Ливанов подумал несколько времени и, собравшись с мыслями, начинает иначе:

– Братцы...

– Мы не братцы!

Ливанов приходит в удивление...

– Что? – спрашивает он строго...

– Мы не господа и не братцы...

– Так... это так... Я подумаю...

– Скорее думайте...

– Ученики, – говорит Ливанов...

– Мы не ученики...

– Что? как не ученики? кто же вы? а! знаю кто.

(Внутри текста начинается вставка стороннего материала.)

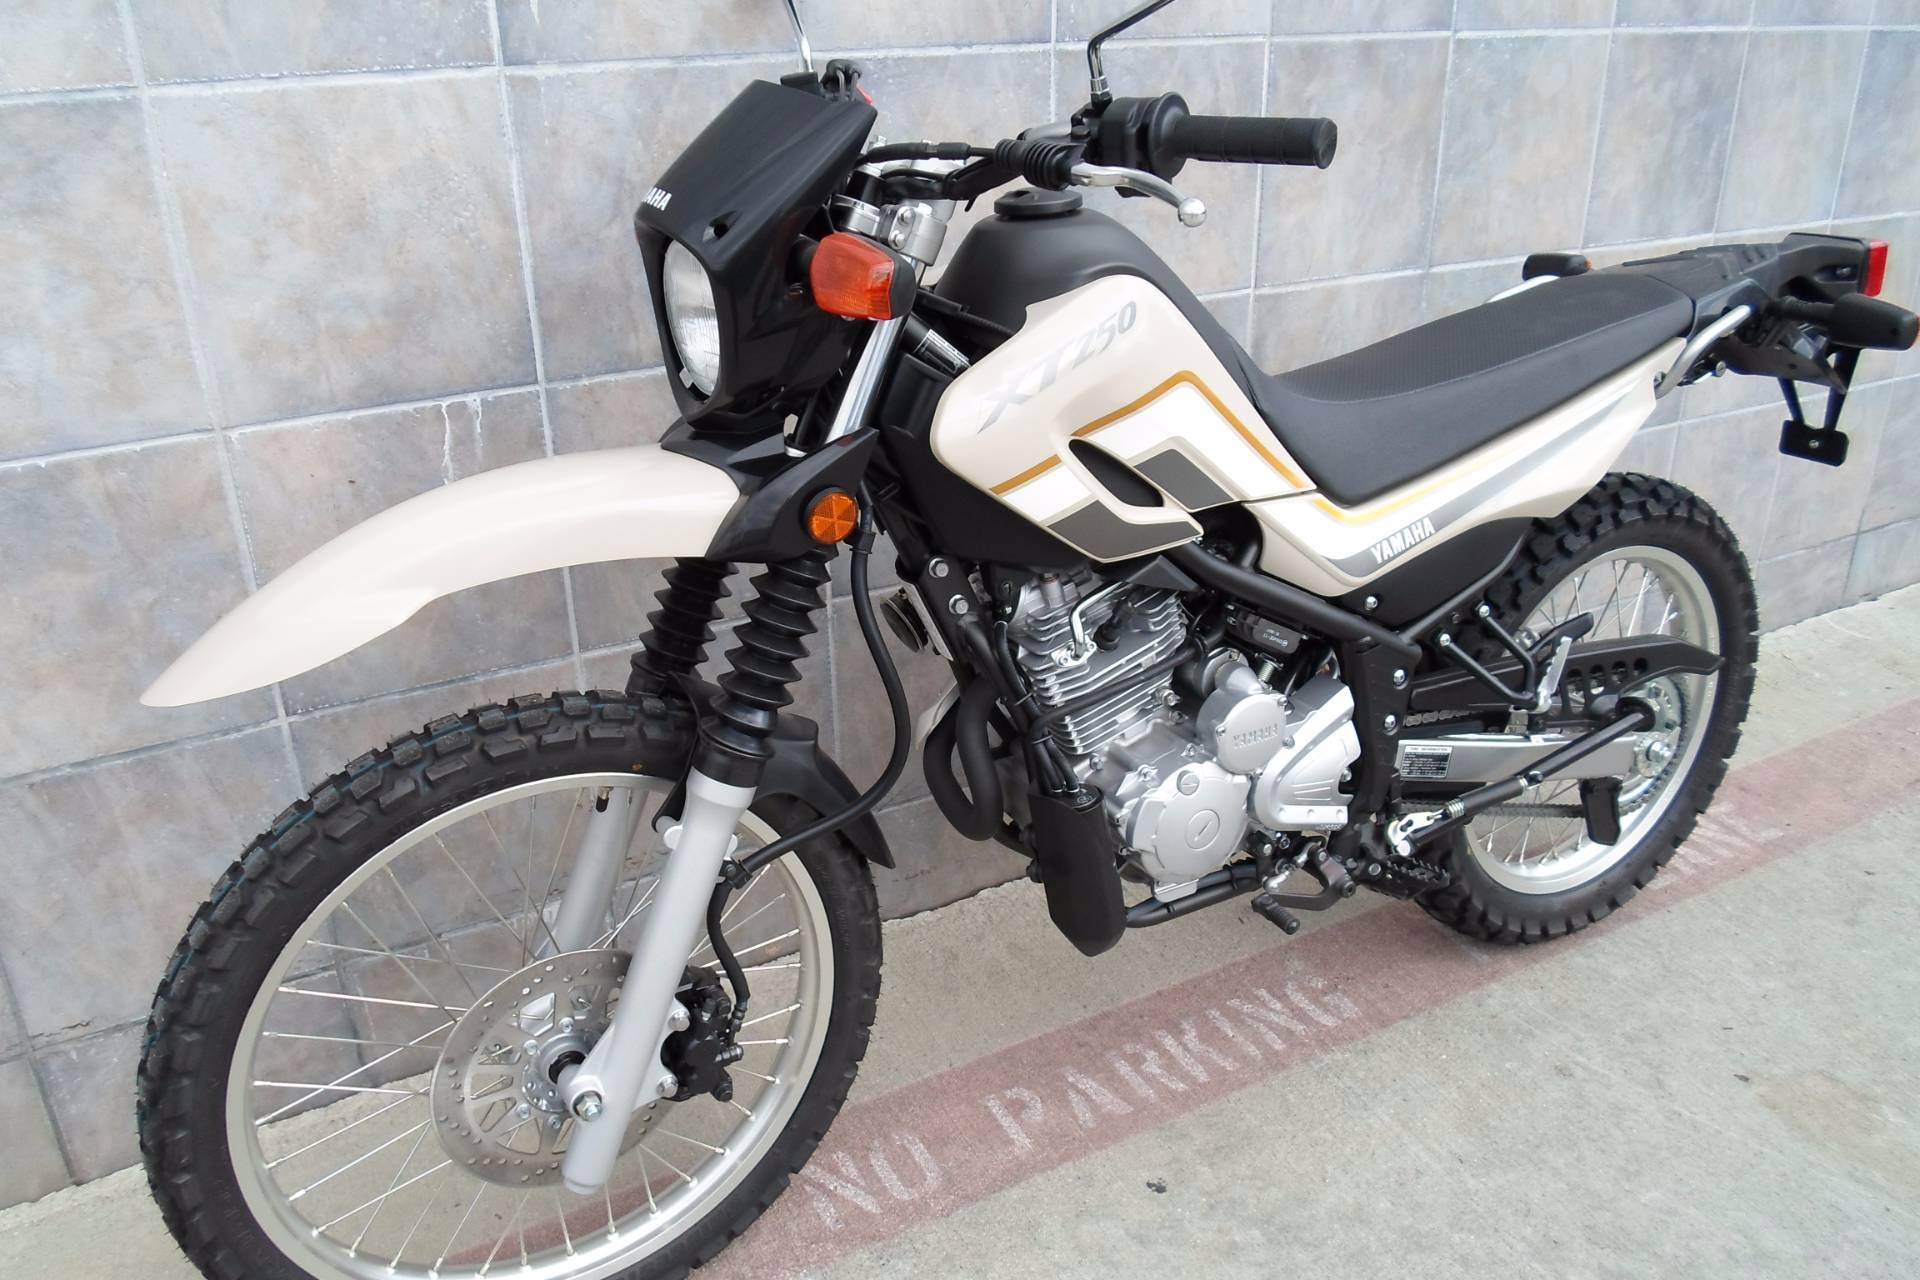 New 2018 Yamaha XT250 Motorcycles in San Marcos, CA

– Кто, Павел Алексеевич, кто?

– Кто? А вот кто: вы – свинтусы!..

Эта сцена сопровождается постоянным смехом бурсаков. Ливанов начинает хмелеть все больше и больше...

– Милые дети, – начинает Ливанов...

– Ха-ха-ха! – раздается в классе...

– Милые дети, – продолжает Ливанов, – я... я женюсь... да... у меня есть невеста...

– Кто, кто такая?..

– Ах вы, поросята!.. Ишь чего захотели: скажи им кто? Эва, не хотите ли чего?

Ливанов показывает им фигу...

– Сам съешь!

– Нет, вы съешьте! – отвечал он сердито.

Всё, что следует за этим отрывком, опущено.